Подобное действо, органичное и понятное местным жителям, шокирует европейца, который оперирует категориями своей культуры. Исламовед Михаил Пиотровский пишет:
«Чувственные и натуралистические описания Джанны (рая. — Э. Ш.) в Коране, видимо, порождены экстатическими образами, характерными для жителей пустыни. Богословы часто толкуют их как символы духовных и интеллектуальных наслаждений»[223].
Словом, любая культура органична народу, который ее породил, а потому она не может быть ни дикой, ни порочной.
С институтом бачей на рубеже XIX–XX веков произошла трагедия, выведенная в пьесе Марка Вайля и Дмитрия Тихомирова (псевдоним Валерия Печейкина — Э. Ш.) «Радение с гранатом» (2006): это был именно тот случай, о котором Салтыков-Щедрин в начале 1870-х с иронией и сарказмом писал, что придет «ташкентец»[224] и цивилизует страну неверных.

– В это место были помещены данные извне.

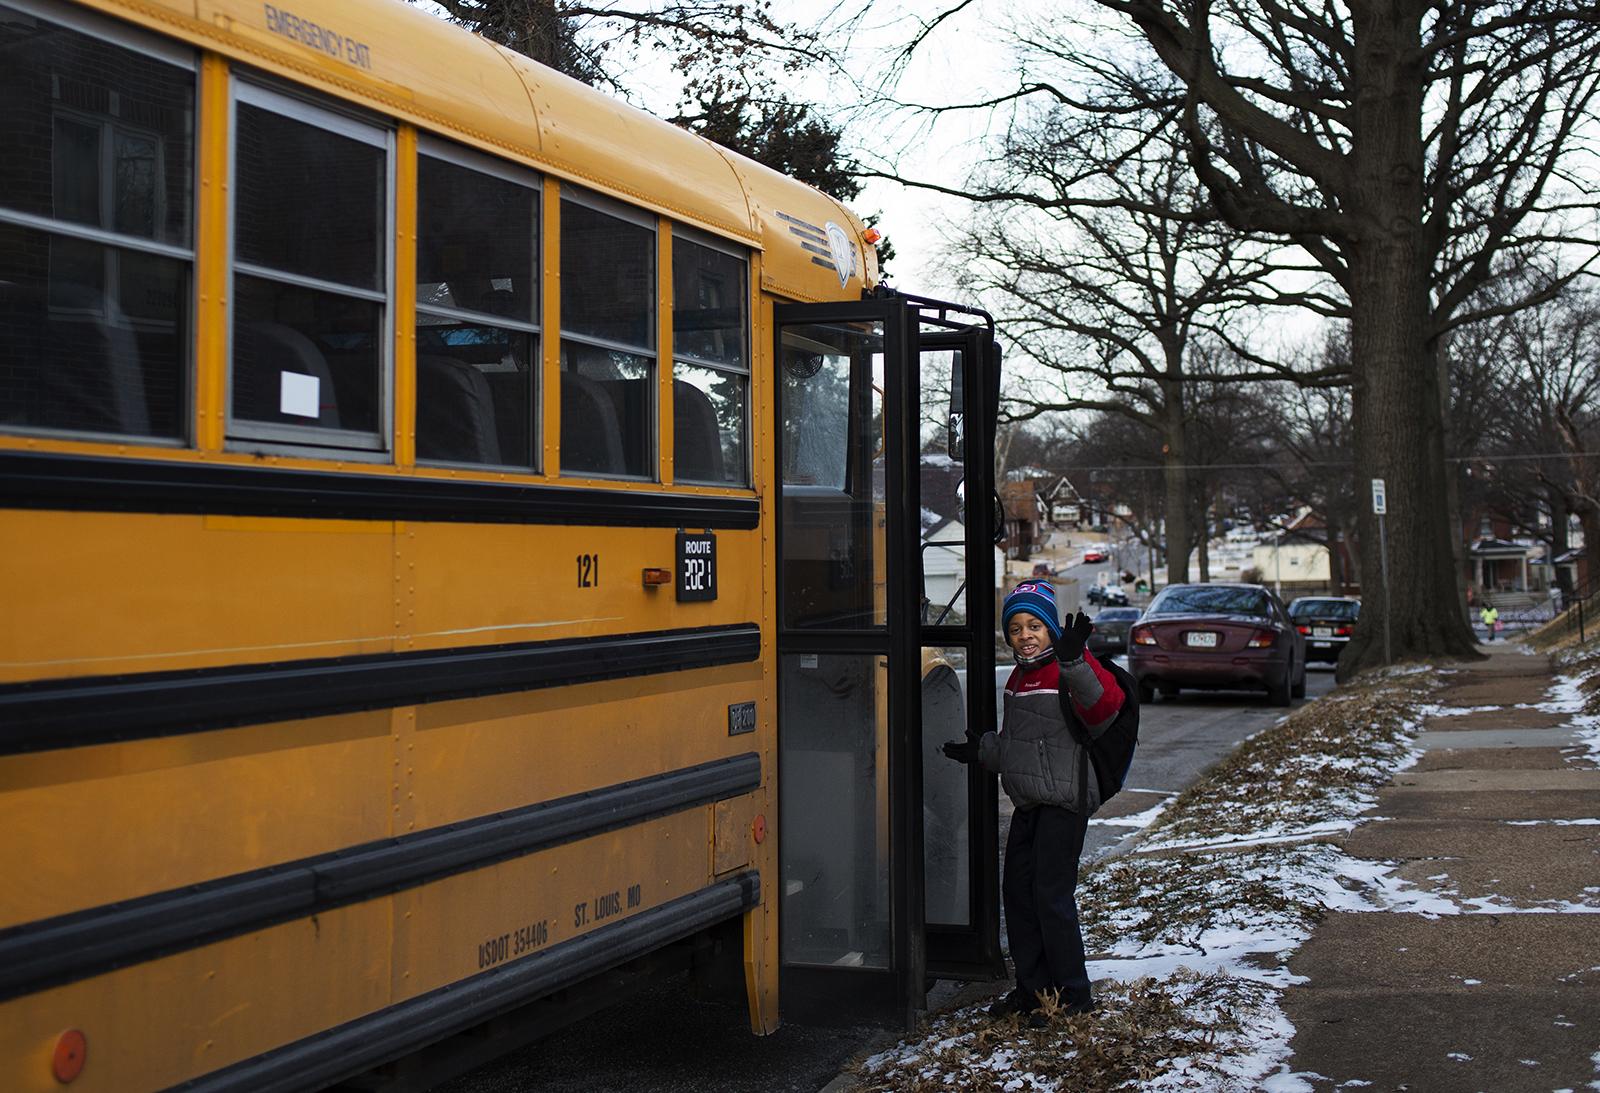 Johnny waves goodbye to his mom, Keyanna, as he boards the bus to school. CAROLINA HIDALGO   ST. LOUIS PUBLIC RADIO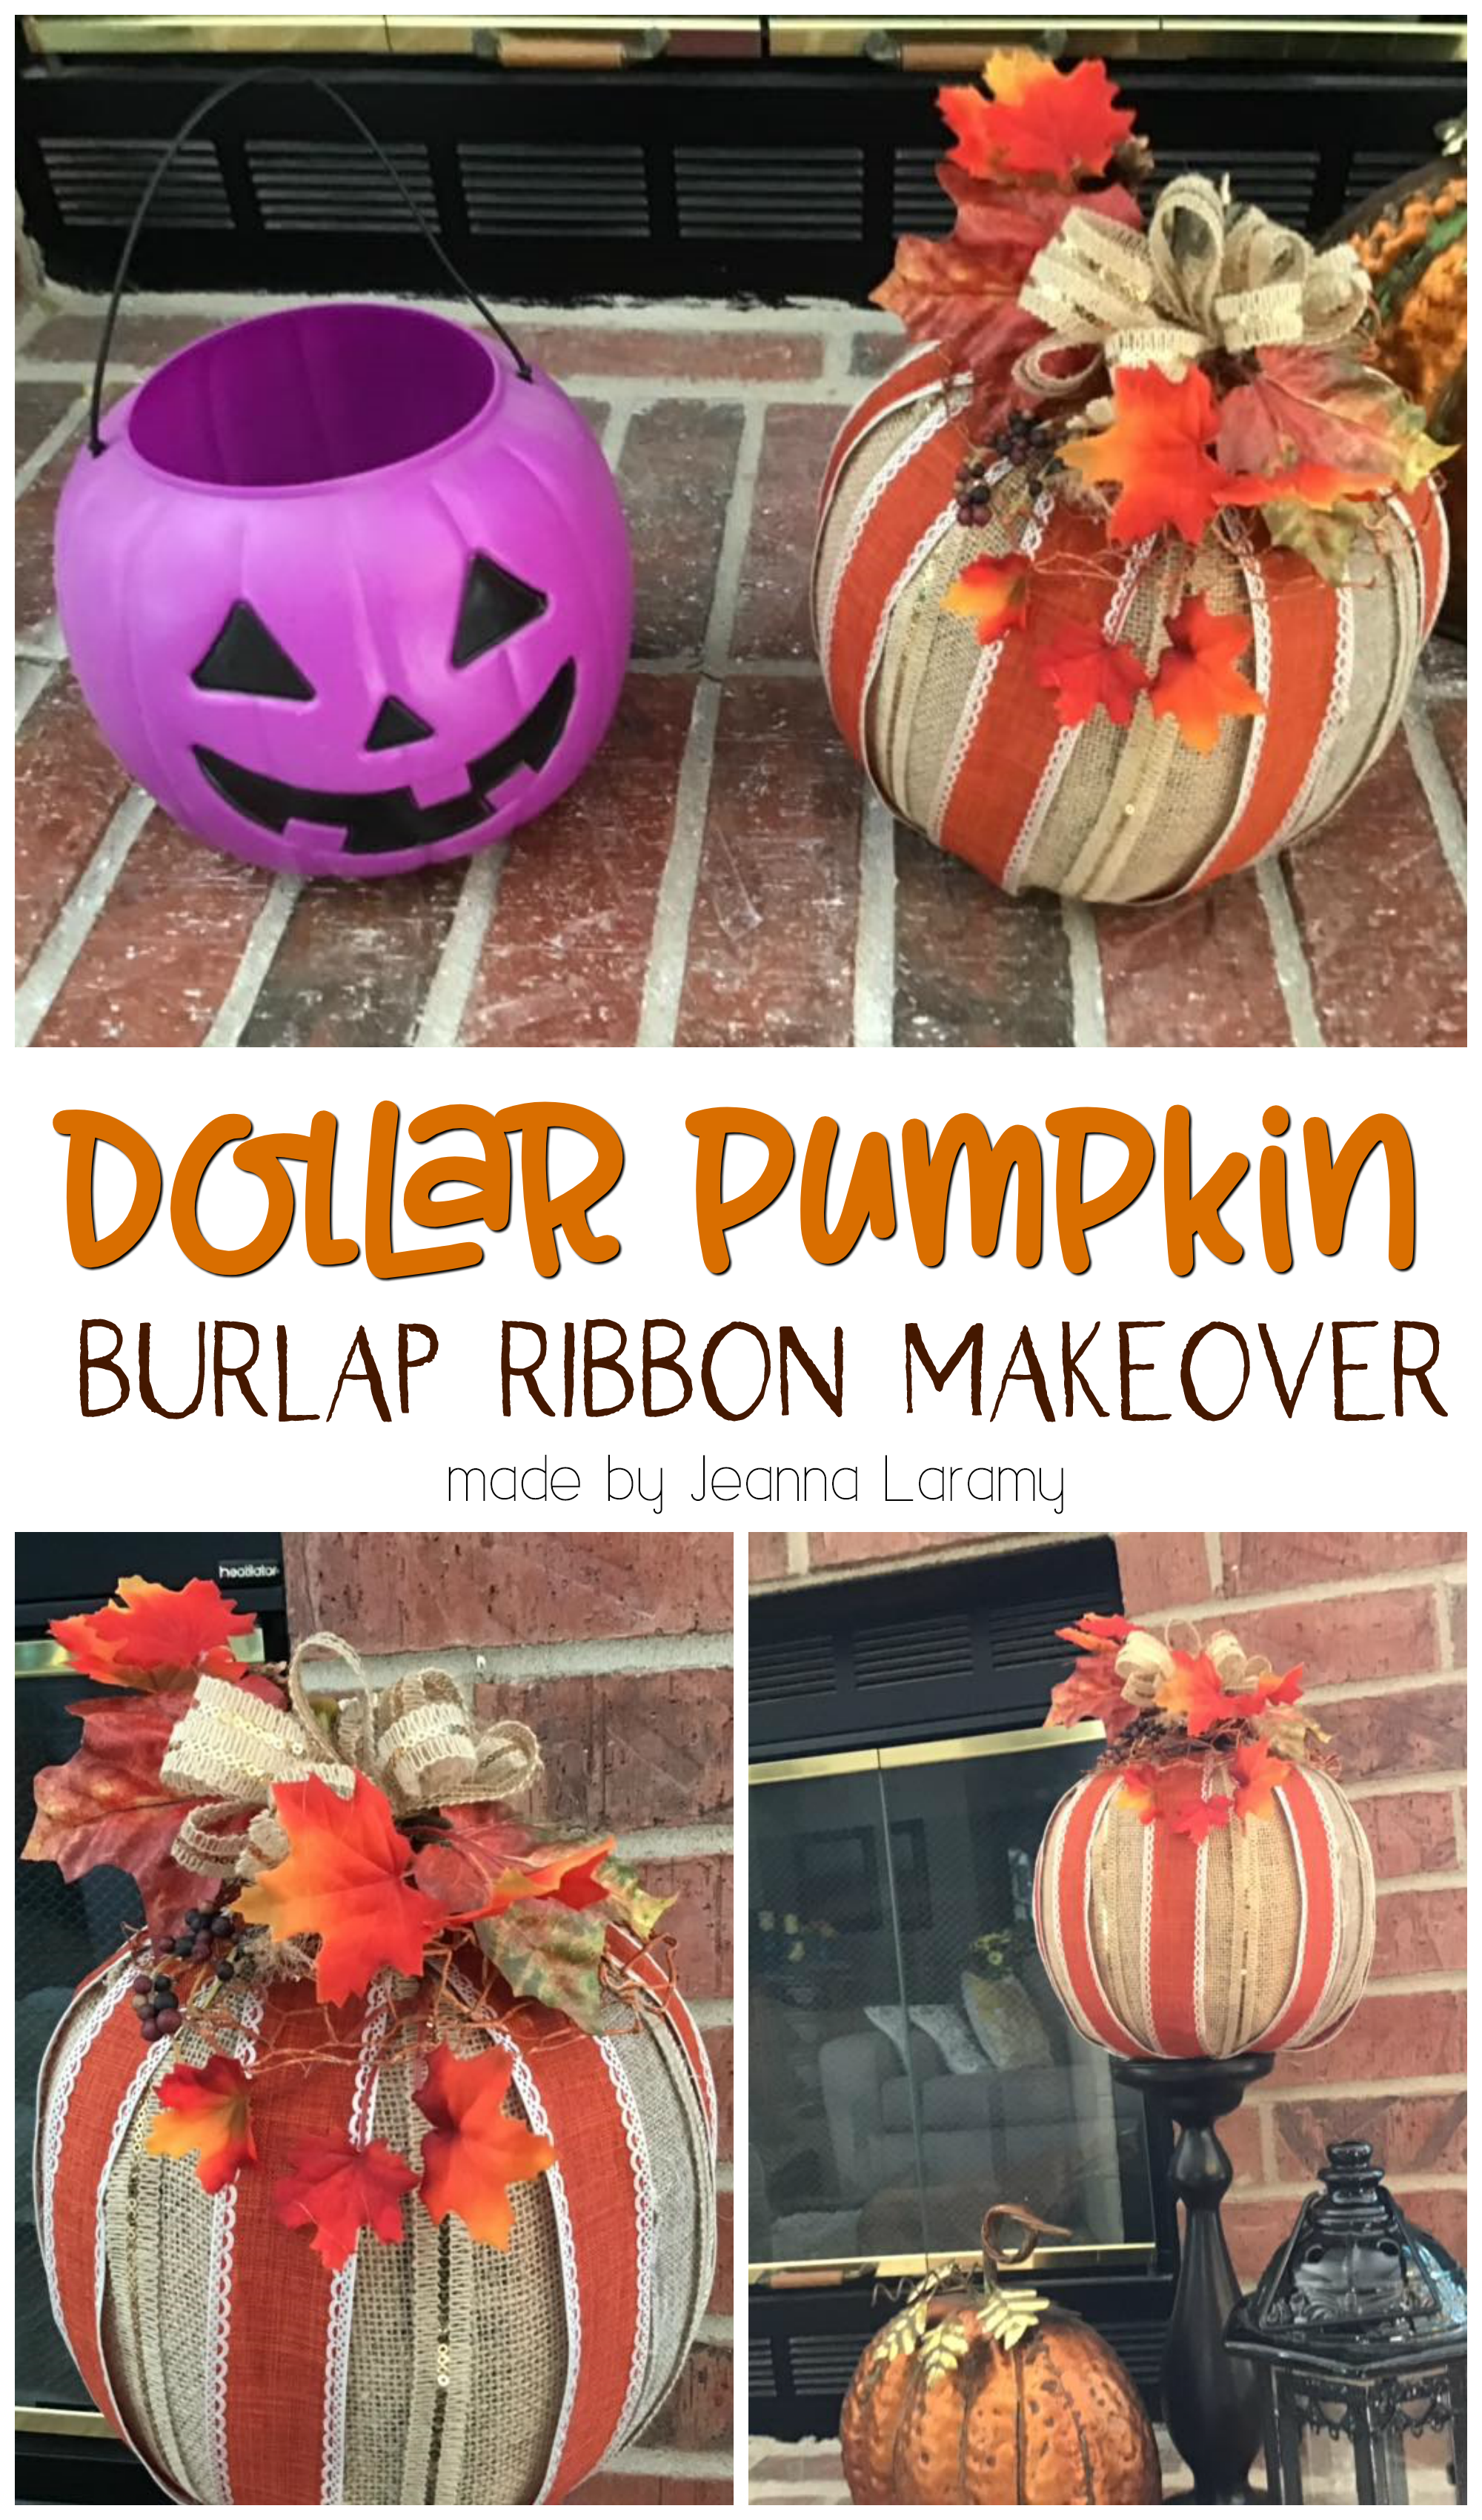 - Fast Shipping 1 Foam Carvable Pumpkin Decoration Halloween // Thanksgiving

В спектакле эротично играют-танцуют с гранатом мальчики-бачи. Подобные экстатические танцы прежде приносили радость[225], но с приходом в Туркестан «ташкентцев» символический гранат и гранатовый сок и метафорически, и буквально превращаются в кровь. Потому как чуждая культура становится объектом исправления.
Эта трагическая нота в истории бачей стала основой пьесы Вайля и Тихомирова, судьба бачей в ней тесно переплетена с судьбой художника Нежданова (прототипом которого стал Александр Васильевич Николаев).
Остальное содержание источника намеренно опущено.